Are you a frequent web scraper? Are you very careful about your privacy? Then you must hear about the "User Agent" many times. Do you know what a user agent is? How does it affect our online lives?
Start reading and you'll be interested in everything in this blog!
A User Agent (UA) is a string that a browser or other client software sends to a web server. It can provide information about the user's device and software environment.
This string is included in the HTTP header of the web request and helps the server to provide appropriate content based on the user's specific configuration.

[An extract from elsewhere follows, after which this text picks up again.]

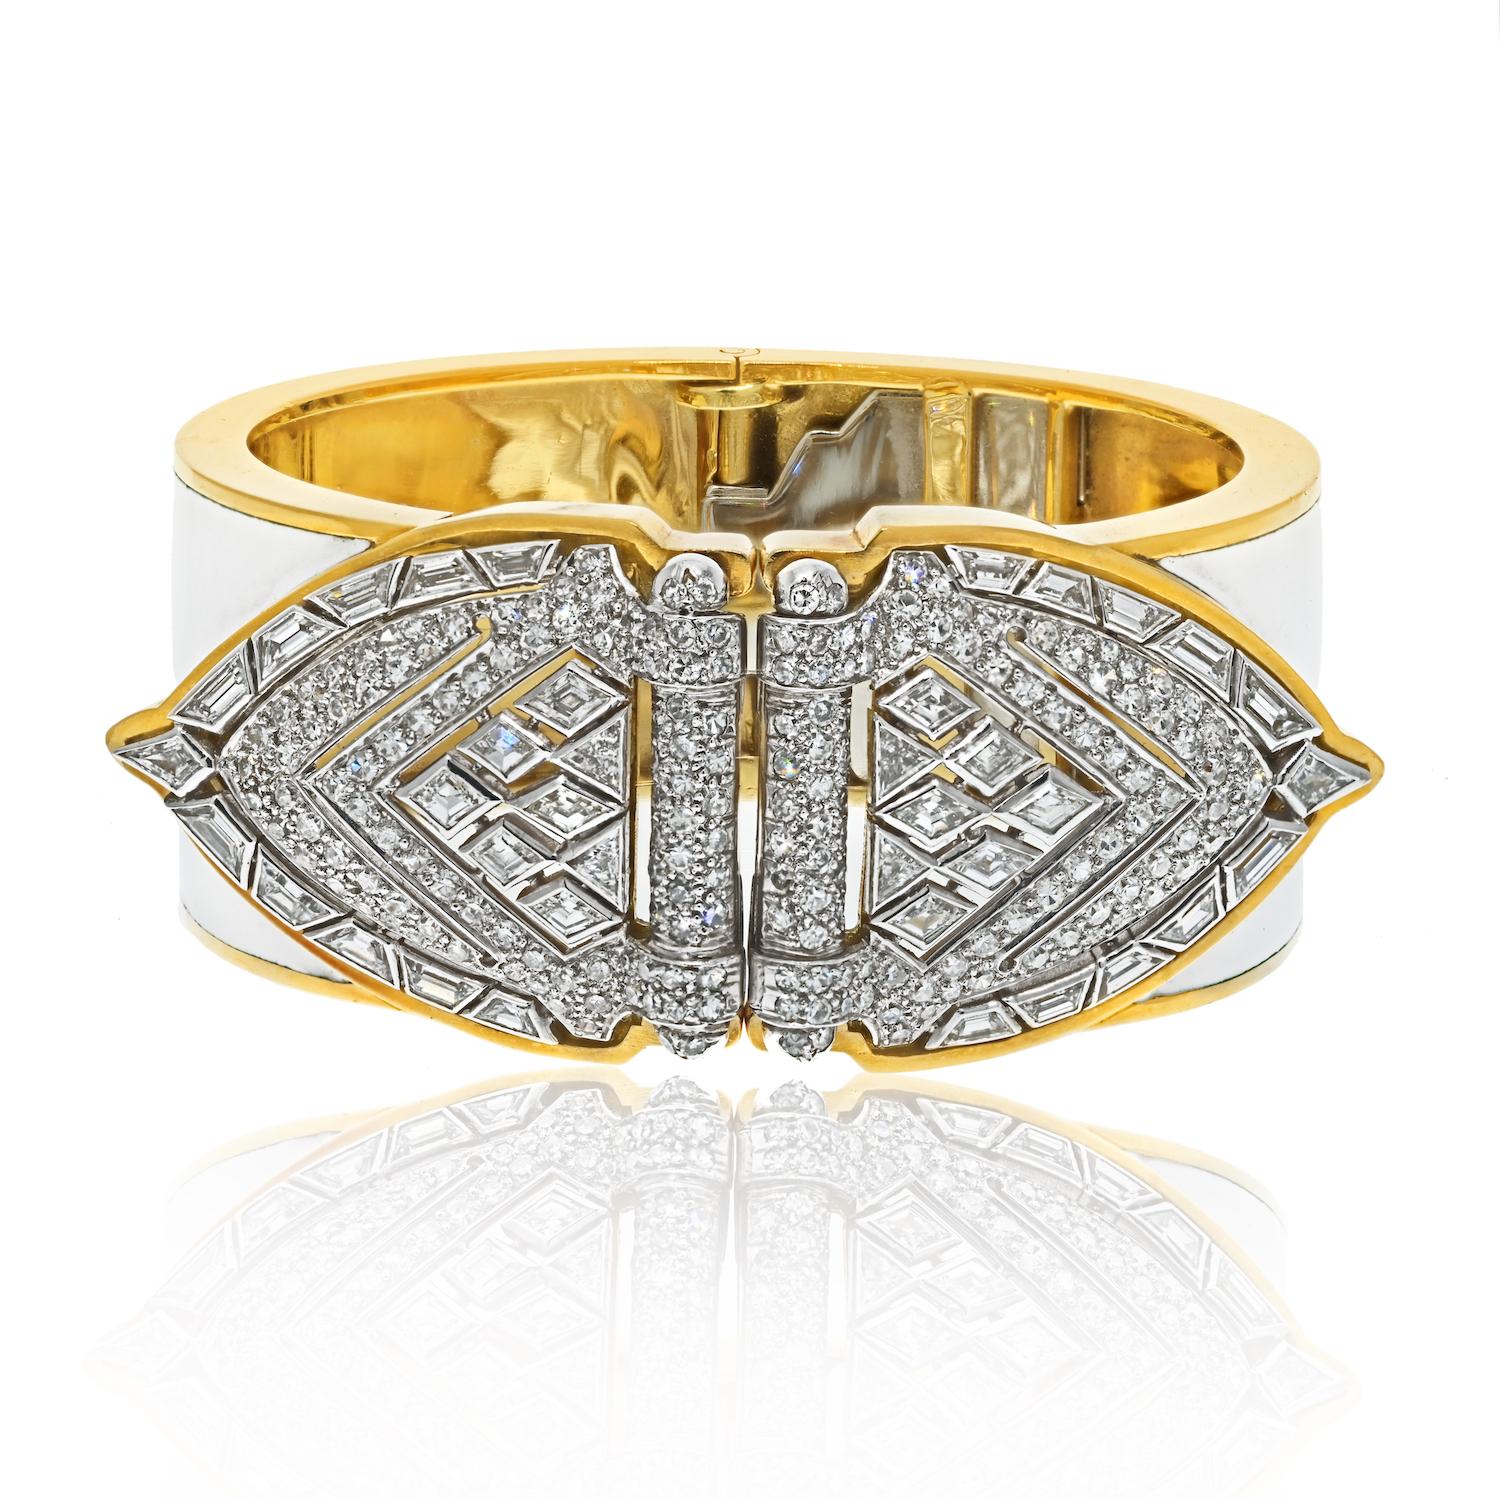 Le bracelet manchette en émail blanc de David Webb est un bijou exquis conçu avec des extrémités en forme de bouclier en diamant platine qui peuvent être retirées des extrémités de la manchette et portées comme doubles clips. Les boucliers sont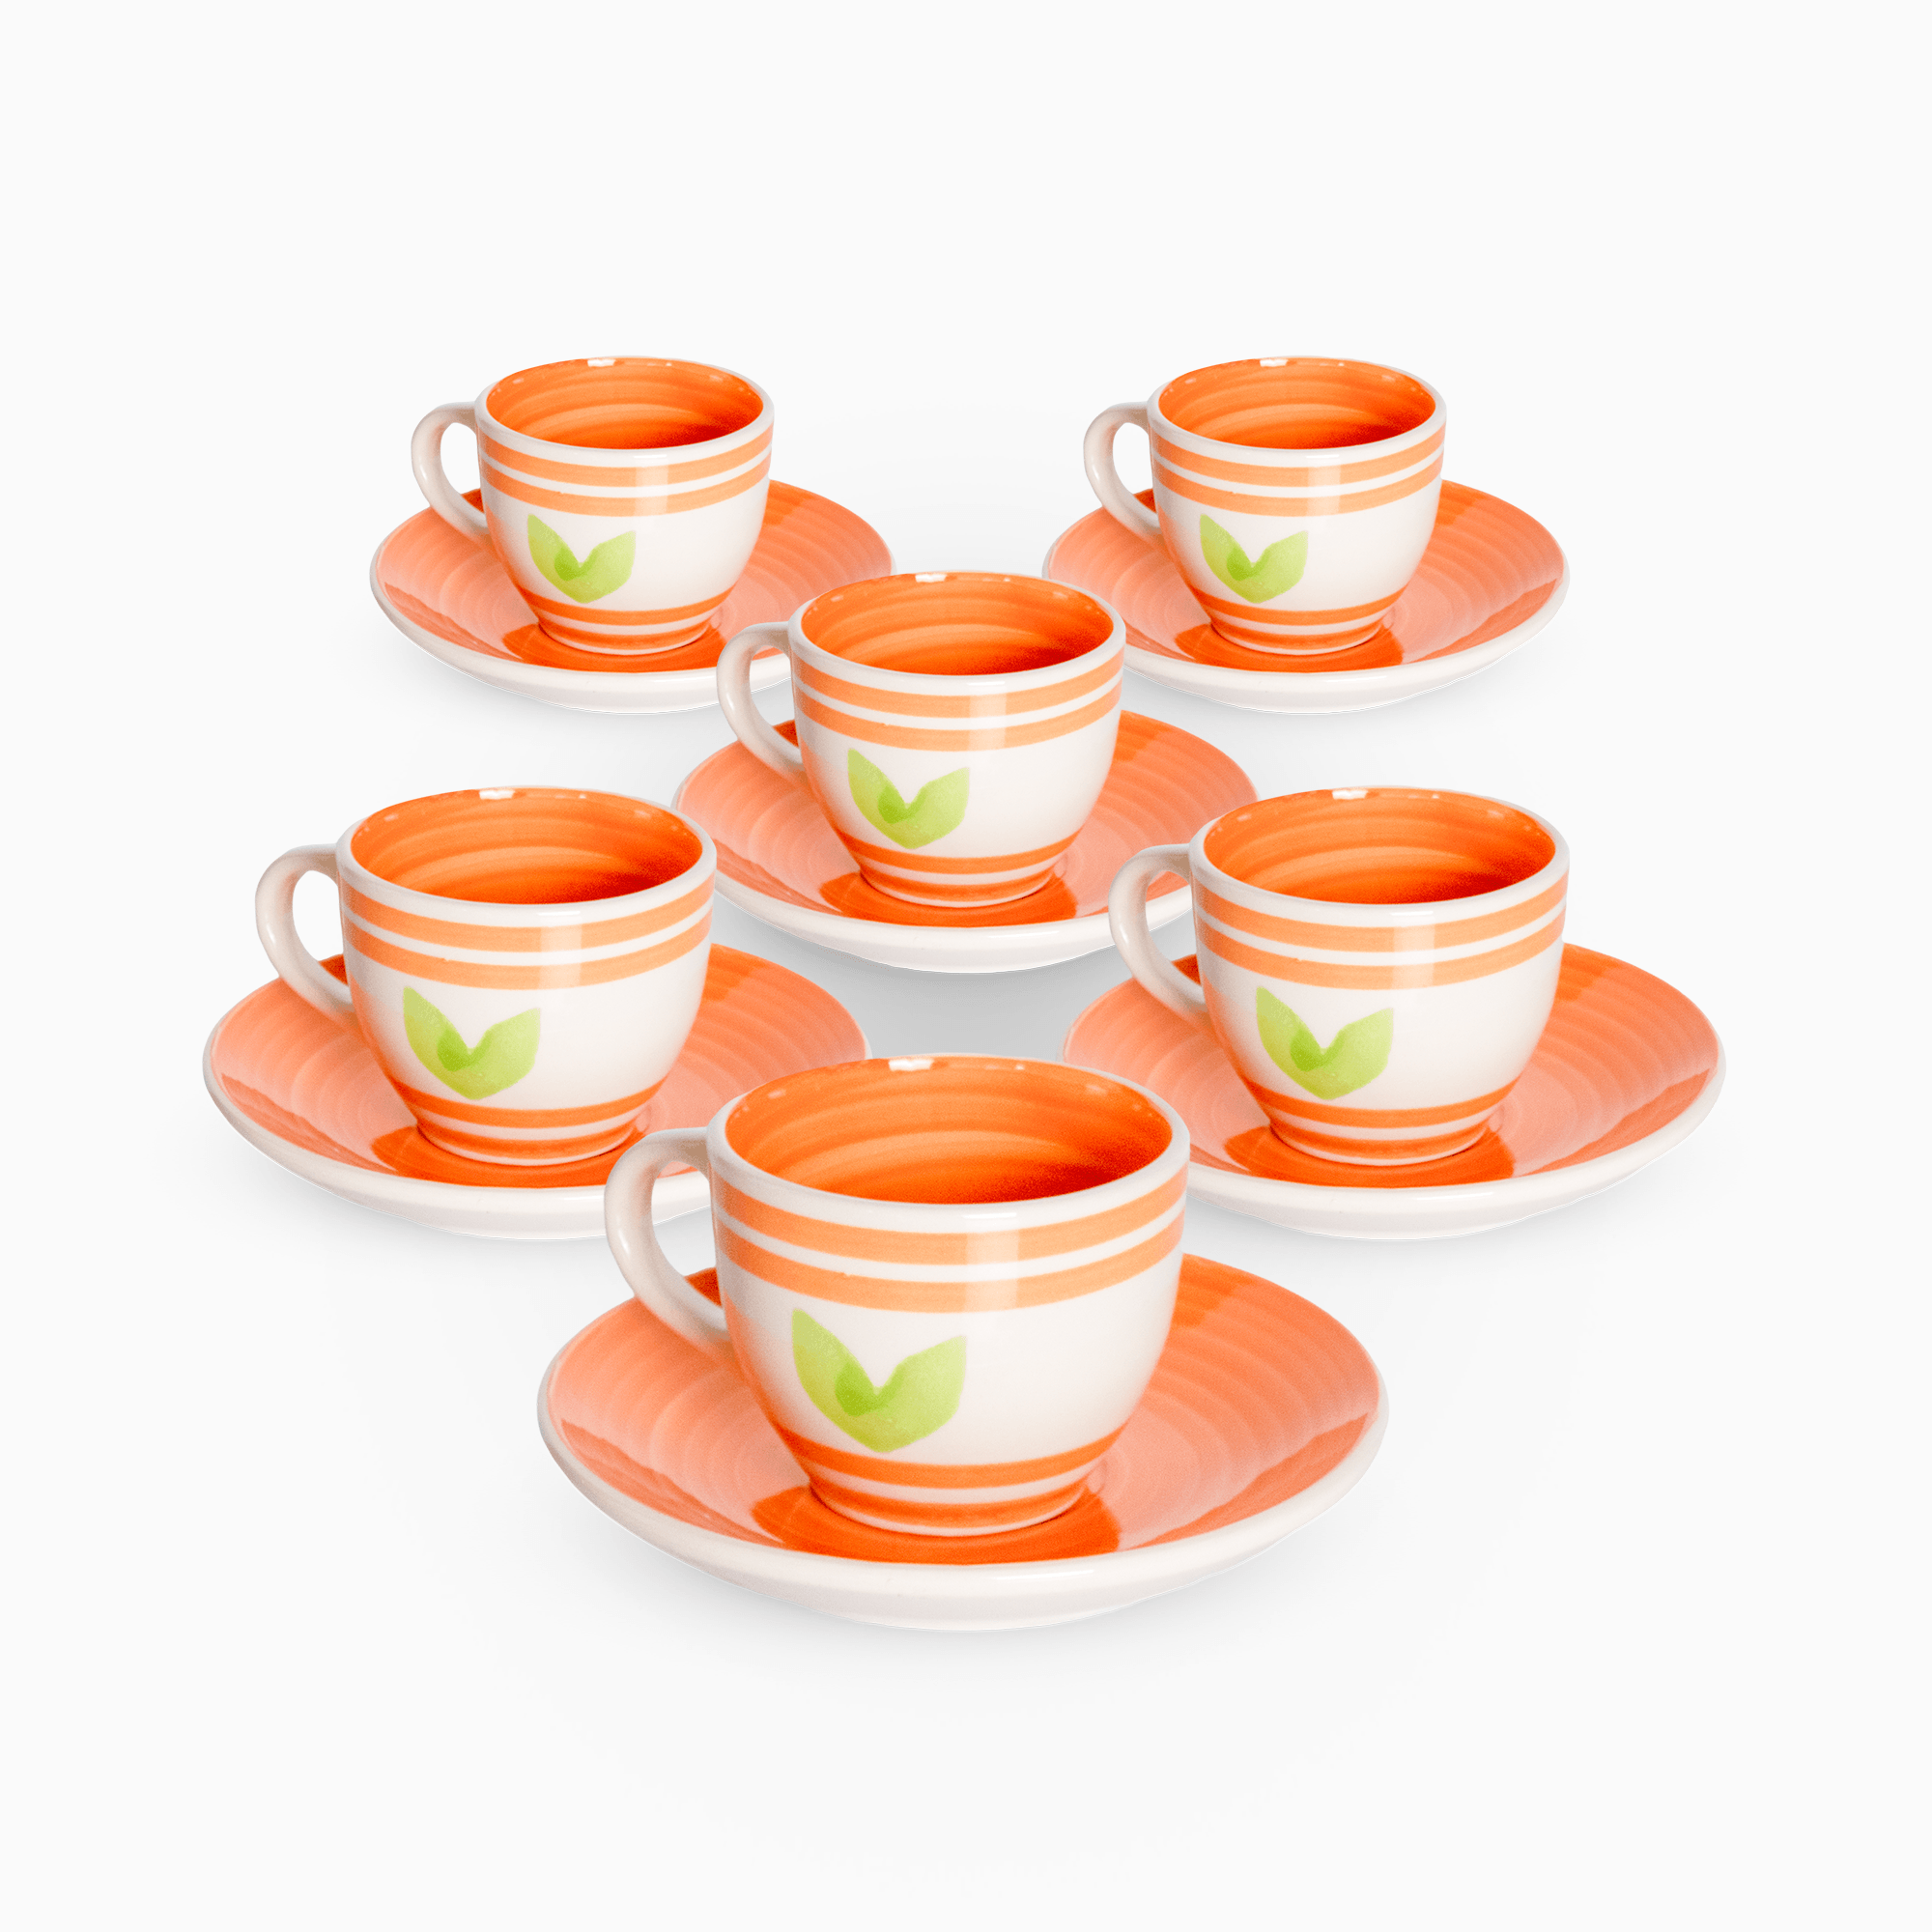 Servizio 6 Tazzine Caffe' In Porcellana E piattino Linea Flower Orange –  Albalu Bomboniere

In other words, the user agent string helps to recognize the user's browser, device type, and operating system being used.
User agents are critical to web scraping because they help simulate human browsing behavior. And they can make your crawling tools look like legitimate browsers and thus avoiding detection and blocking by websites.
By using appropriate or randomly varying user agent strings, scrapers can bypass access restrictions, fetch the correct version of web content, and reduce the risk of being blocked.
Your web scraper is blocked once and again?
Nstbrowser handles comprehensive web unblocker solutions
Try for FREE Now!
Do you have any wonderful ideas and doubts about web scraping and Browserless?
Let's see what other developers are sharing on Discord and Telegram!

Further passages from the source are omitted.